Key format: SESSION(KAFKA_STRING) or HOPPING(KAFKA_STRING) or TUMBLING(KAFKA_STRING) or KAFKA_STRING
Value format:  does not match any supported format. It may be a STRING with encoding other than UTF8, or some other format.
rowtime: 2023/10/26 13:57:56.322 Z, key: [2c08af31-48fb-41b6-9@3546975261674595891/3774636806494052912], value: \x00\x00\x00\x00\x07\x90\xBE\x9B\xC9\xD5b\xD2\xDE\x9A\xC9\xD5b\x00H39b668b8-8bcd-406f-9449-973eac83d152\x1012345678\x06EUR\x04\x17p\x02\x02\x04\x17p\x00\x04\x17p\x00\x02\x0E50% off\x02\x04\x17p\x00\x02\x04\x02He3a7158b-0aeb-40c9-876f-0bd5b357d861\x02\x04\x1BX\x02\x0EPRODUCT\x02\x04\x0B\xB8\x00\x02H5db87916-f3ff-48c4-9163-1f6e3b99adde,Alkoholische Getr\xC3\xA4nke\x00\x04\x15\xCC\x02Hc2ac3dfc-c176-4655-b725-ae6eb01c60a7H5db87916-f3ff-48c4-9163-1f6e3b99adde\x12Cocktails\x00\x02He3a7158b-0aeb-40c9-876f-0bd5b357d861\x18Whiskey Sour\x081234Hc2ac3dfc-c176-4655-b725-ae6eb01c60a7\x00H61ef9eeb-ba7f-4e8b-98c1-fcd15a97d650H2c08af31-48fb-41b6-94b4-71b019c536f3\x020\x04\x17p\x02\x04\x15\xCCH694b9be0-903f-463b-8c47-4ab07e3b7d70\x04\x17p\x04\x1BX\x04\x01\xA4\x00\x10John Doe\x0412, partition: 9
^CTopic printing ceased

If I remove the basic auth from the schema registry, everything works:

ksql> CREATE STREAM table_receipts WITH (KAFKA_TOPIC='table-receipts', VALUE_FORMAT='AVRO');

 Message        
----------------
 Stream created 
----------------

According to this page however (bottom of section), it seems I'm using the correct settings for passing the basic auth parameters.

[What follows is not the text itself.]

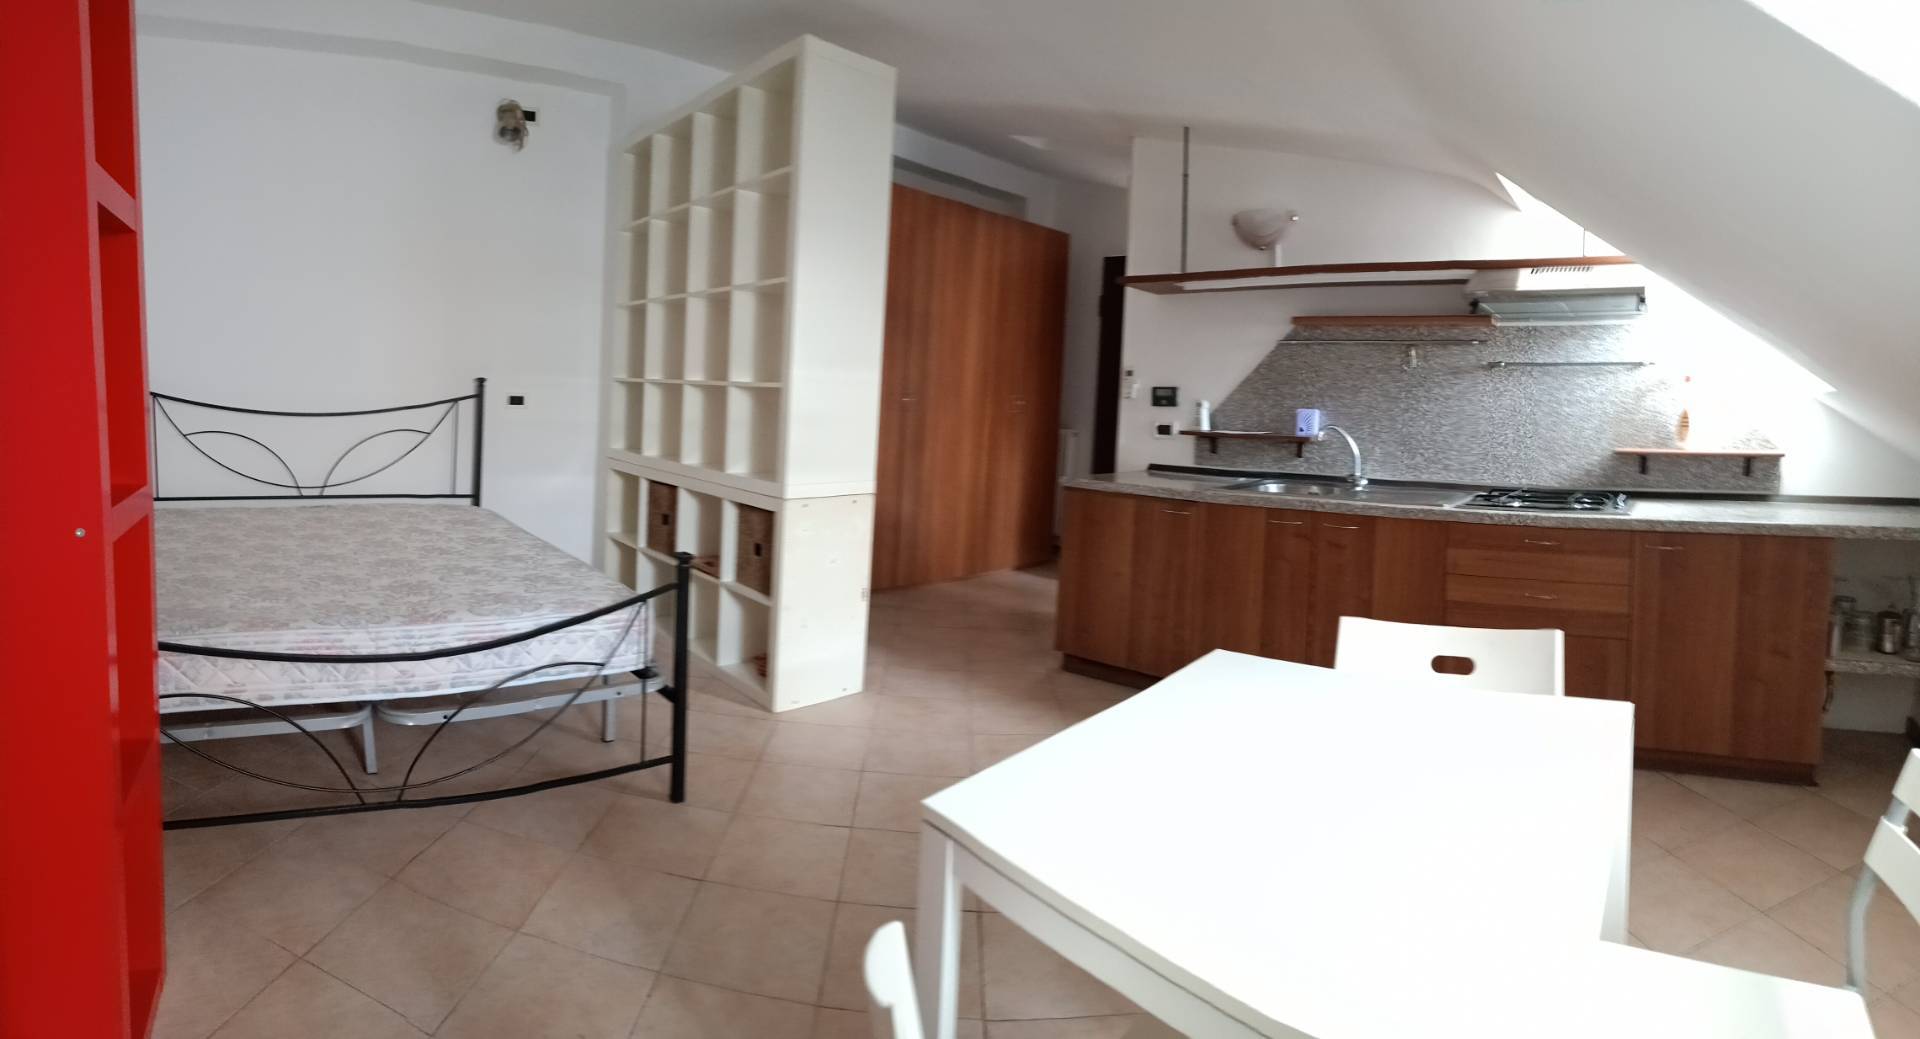 Appartamento, 25 Mq, Affitto - Udine (Udine)

How can I pass basic auth credentials to the ksqlDB schema registry client? So, I guess the problem is that the ksqlDB schema registry client is not getting the correct parameters.


Solution

  • This ended up being a fail on my end.

    The settings that are described in the docs refer to the confluentinc/cp-ksqldb-server docker image.

    I was using the "plain" confluentinc/ksqldb-server. It seems for whatever reason, that one does not support passing in basic auth / USER_INFO credentials to the schema registry client, or at the very least I was unable to find out how this should be done.

    Switching the image used to confluentinc/cp-ksqldb-server:7.5.1 made it so I could create the stream without any issues.

    I'll leave this open for a bit longer in case anyone else would like to weigh in. I guess sometimes it helps to just go through the entire process in the head from the beginning.